We were merry, all of us, for in the crisp air of late autumn flooded with sunlight, the fears and forebodings that had haunted us in those gloomy, firelit caves were forgotten. Moreover, the tramp of thousands of armed men and the excitement of coming battle thrilled our nerves.
Not for many a day had I seen Leo look so vigorous and happy. Of late he had grown somewhat thin and pale, probably from causes that I have suggested, but now his cheeks were red and his eyes shone bright again. Ayesha also seemed joyous, for the moods of this strange woman were as fickle as those of Nature’s self, and varied as a landscape varies under the sunshine or the shadow. Now she was noon and now dark night; now dawn, now evening, and now thoughts came and went in the blue depths of her eyes like vapours wafted across the summer sky, and in the press of them her sweet face changed and shimmered as broken water shimmers beneath the beaming stars.
“Too long,” she said, with a little thrilling laugh, “have I been shut in the bowels of sombre mountains, accompanied only by mutes and savages or by melancholy, chanting priests, and now I am glad to look upon the world again. How beautiful are the snows above, and the brown slopes below, and the broad plains beyond that roll away to those bordering hills! How glorious is the sun, eternal as myself; how sweet the keen air of heaven.
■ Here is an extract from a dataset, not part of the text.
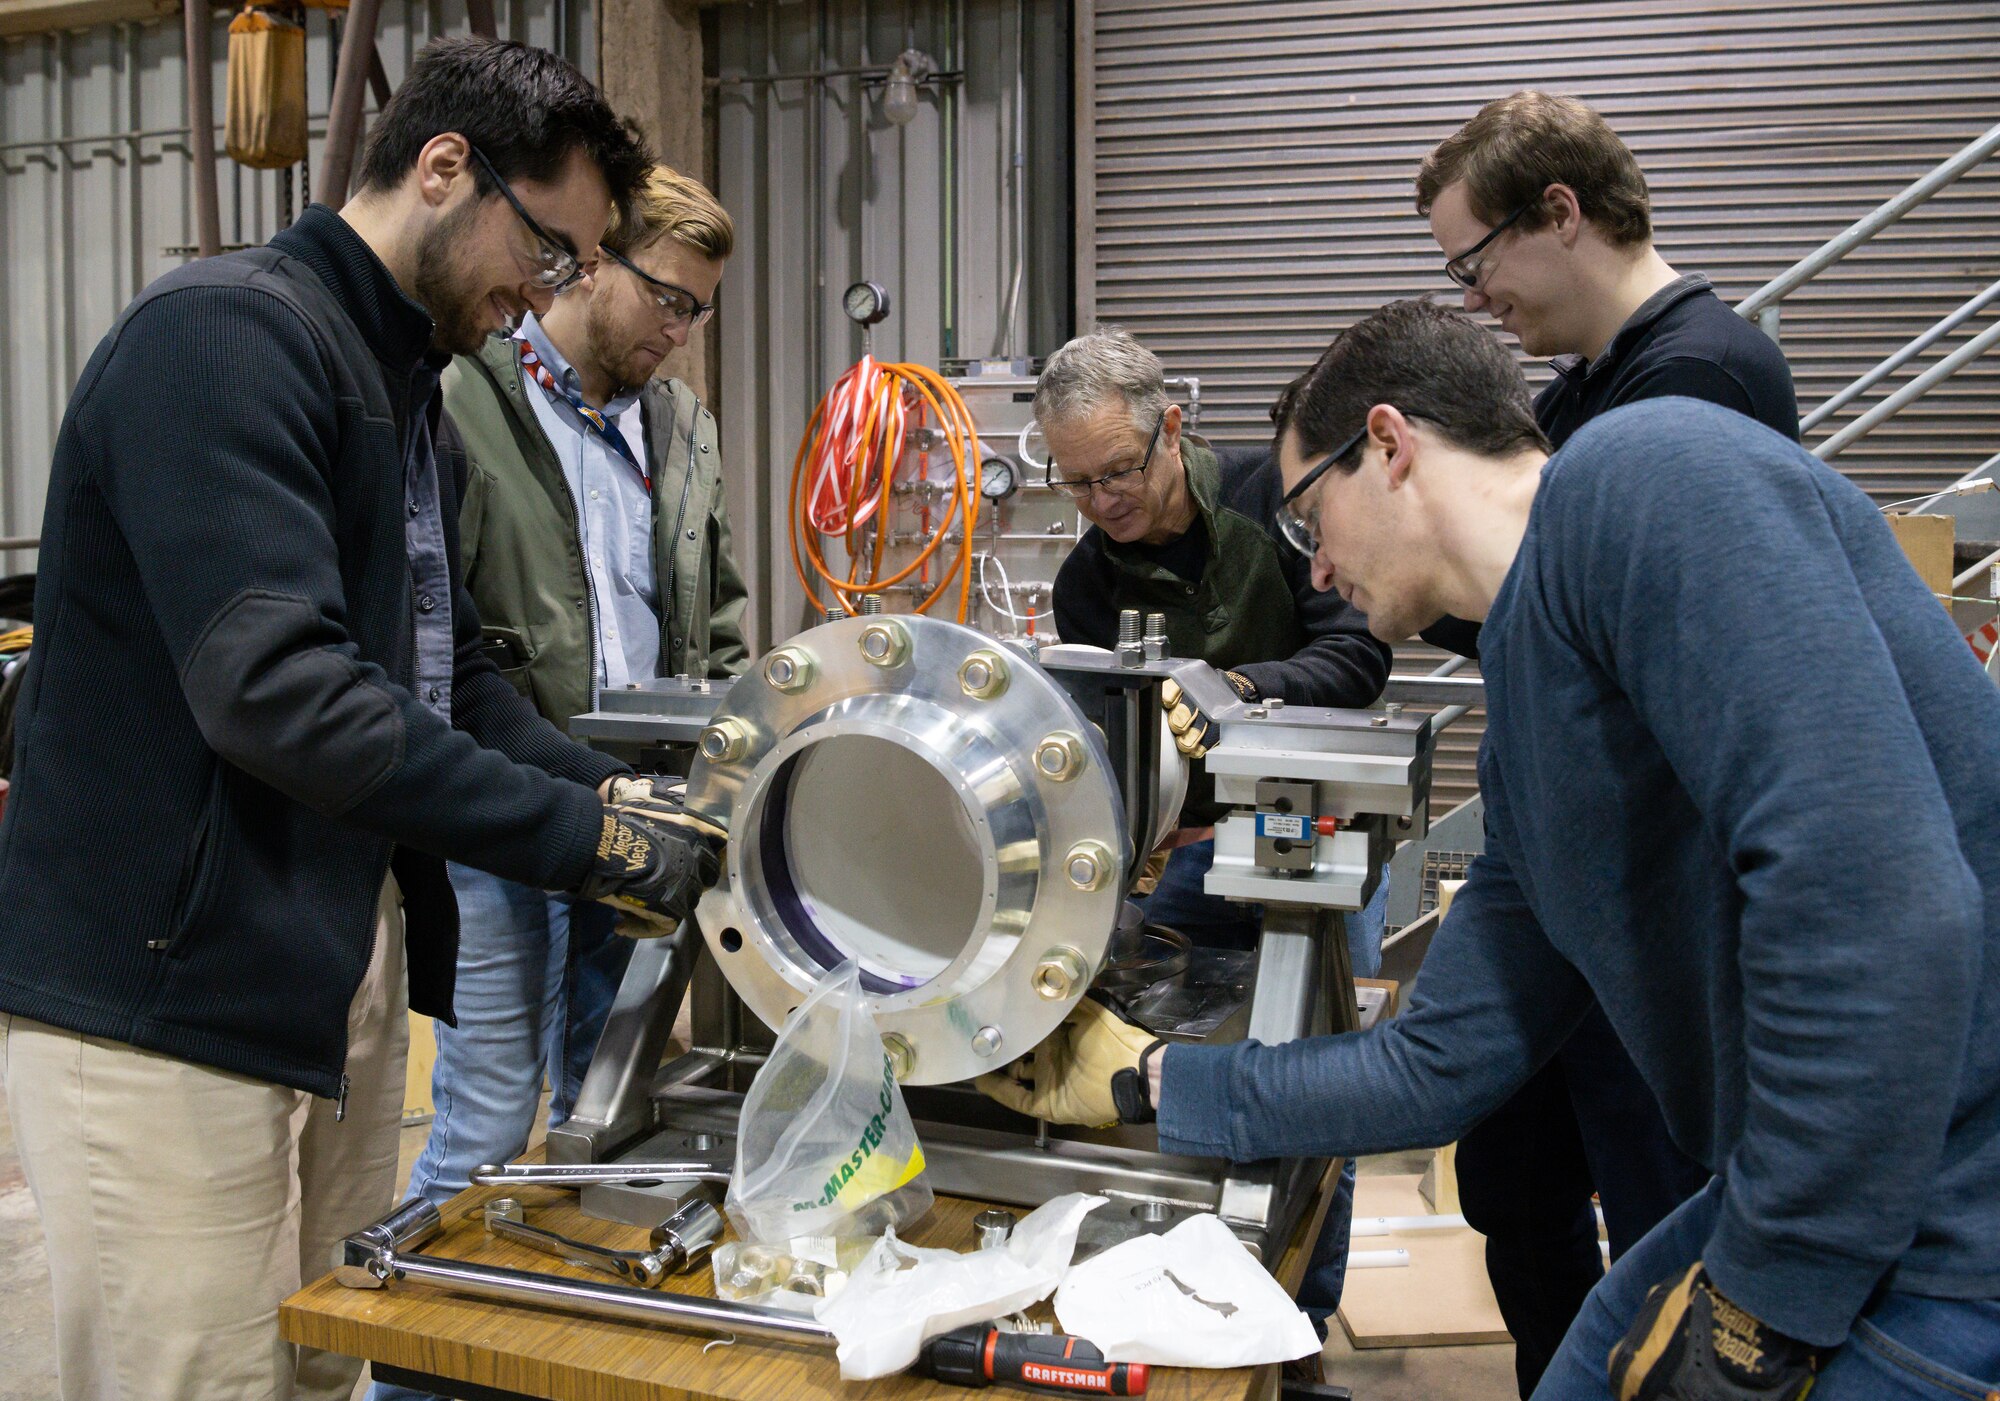 AEDC team members and an engineer with small business Core Parts bolt a flange into place while assembling an instrumented small engine test stand, March 9, 2022, in the Propulsion Research Facility at the University of Tennessee Space Institute.
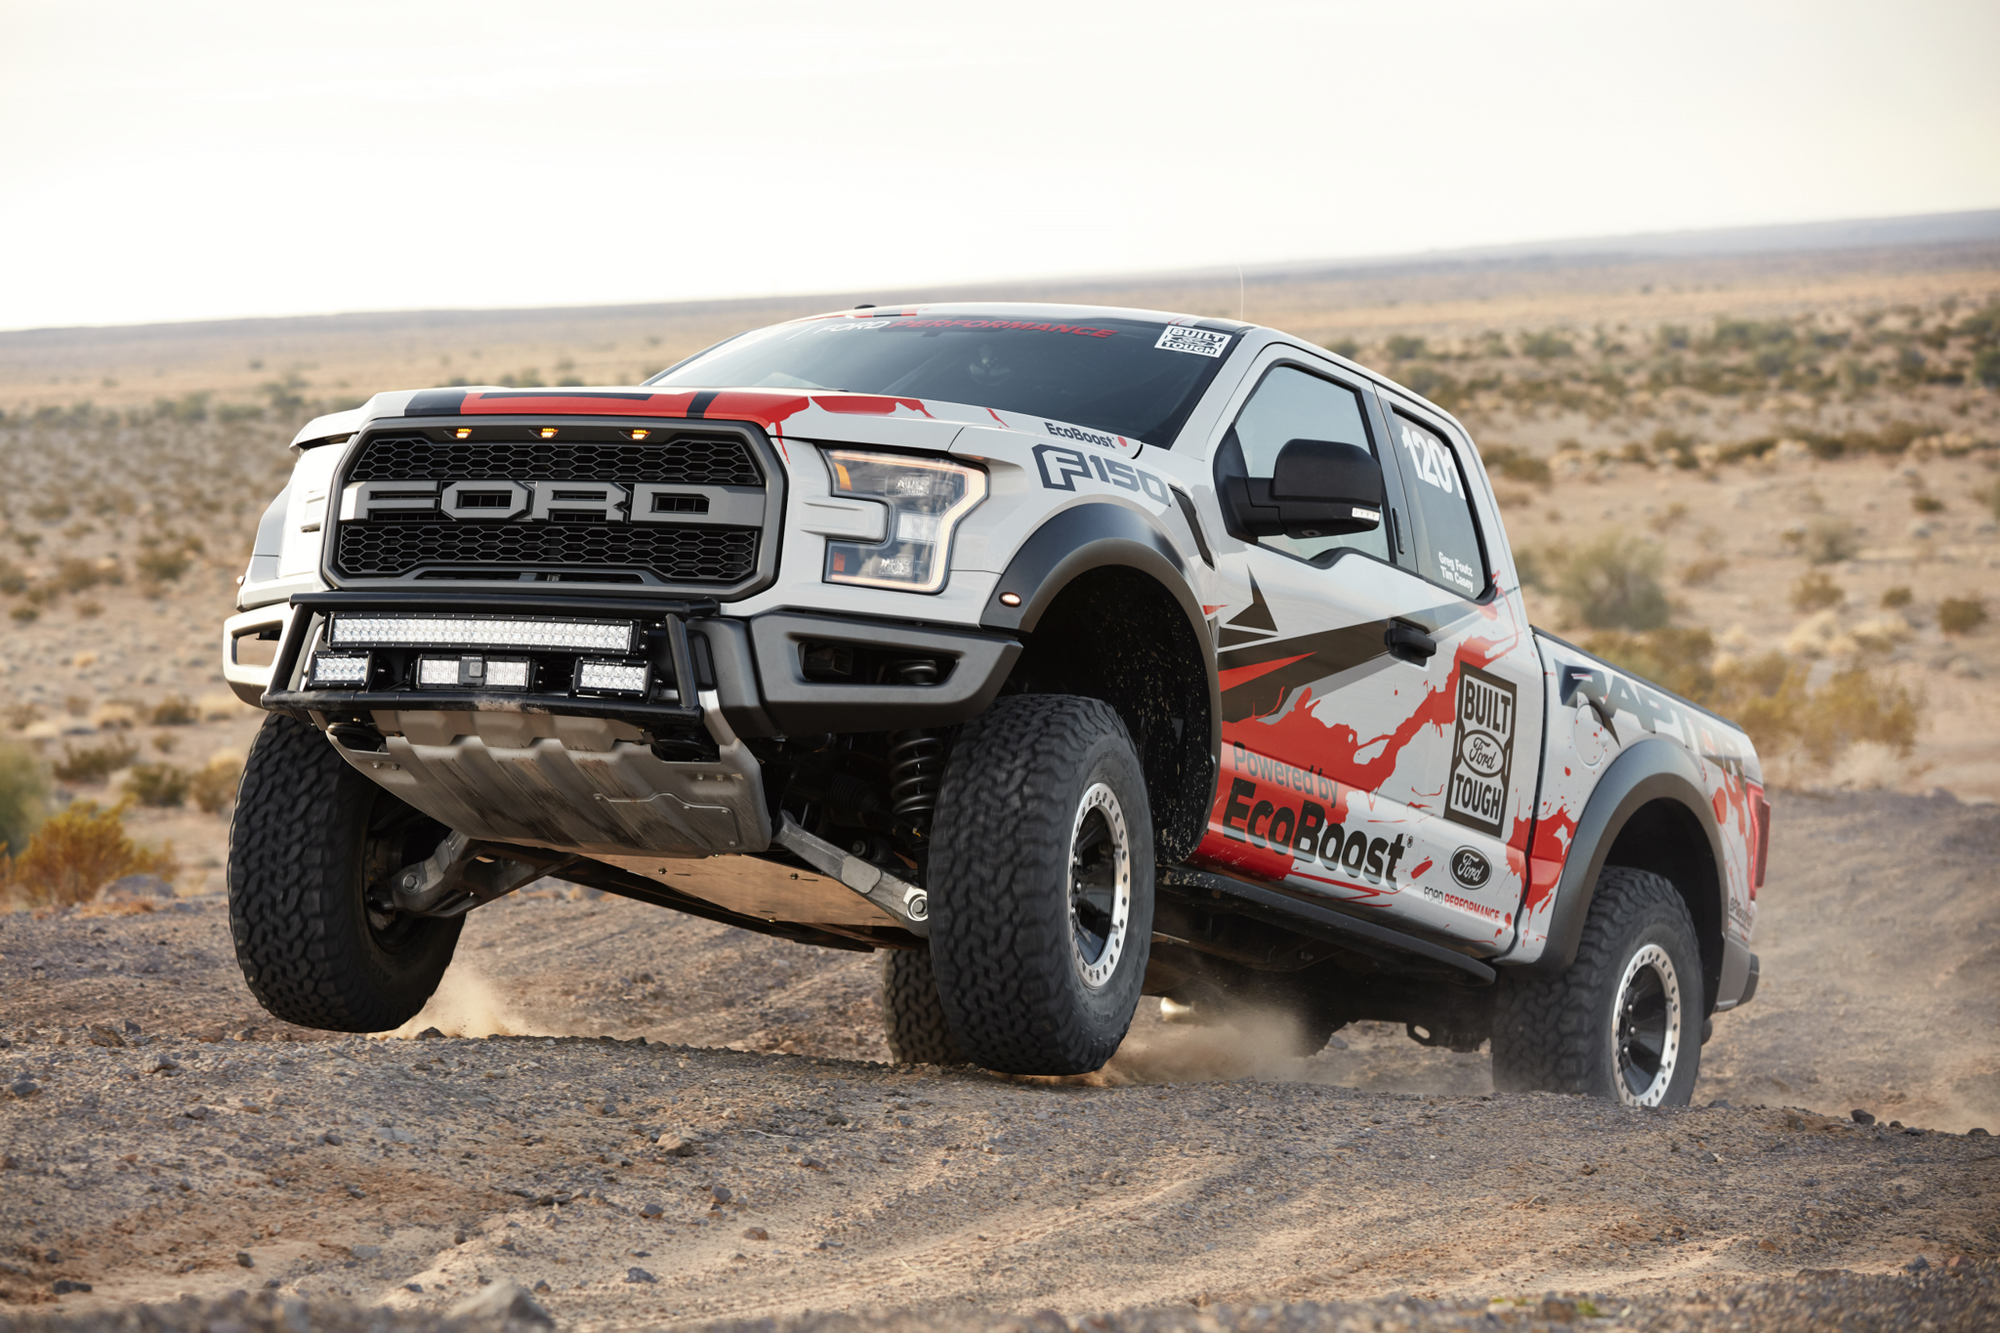 Foutz Motorsports chosen to race the all new 2017 Ford Raptor

“Believe me, Leo, more than twenty centuries have gone by since I was seated on a steed, and yet thou seest I have not forgot my horsemanship, though this beast cannot match those Arabs that I rode in the wide deserts of Arabia. Oh! I remember how at my father’s side I galloped down to war against the marauding Bedouins, and how with my own hand I speared their chieftain and made him cry for mercy. One day I will tell thee of that father of mine, for I was his darling, and though we have been long apart, I hold his memory dear and look forward to our meeting.
“See, yonder is the mouth of that gorge where lived the cat- worshipping sorcerer, who would have murdered both of you because thou, Leo, didst throw his familiar to the fire. It is strange, but several of the tribes of this Mountain and of the lands behind it make cats their gods or divine by means of them. I think that the first Rassen, the general of Alexander, must have brought the practice here from Egypt. Of this Macedonian Alexander I could tell thee much, for he was almost a contemporary of mine, and when I last was born the world still rang with the fame of his great deeds.
“It was Rassen who on the Mountain supplanted the primeval fire- worship whereof the flaming pillars which light its Sanctuary remain as monuments, by that of Hes, or Isis, or rather blended the two in one. Doubtless among the priests in his army were some of Pasht or Sekket the Cat-headed, and these brought with them their secret cult, that to-day has dwindled down to the vulgar divinations of savage sorcerers. Indeed I remember dimly that it was so, for I was the first Hesea of this Temple, and journeyed hither with that same general Rassen, a relative of mine.”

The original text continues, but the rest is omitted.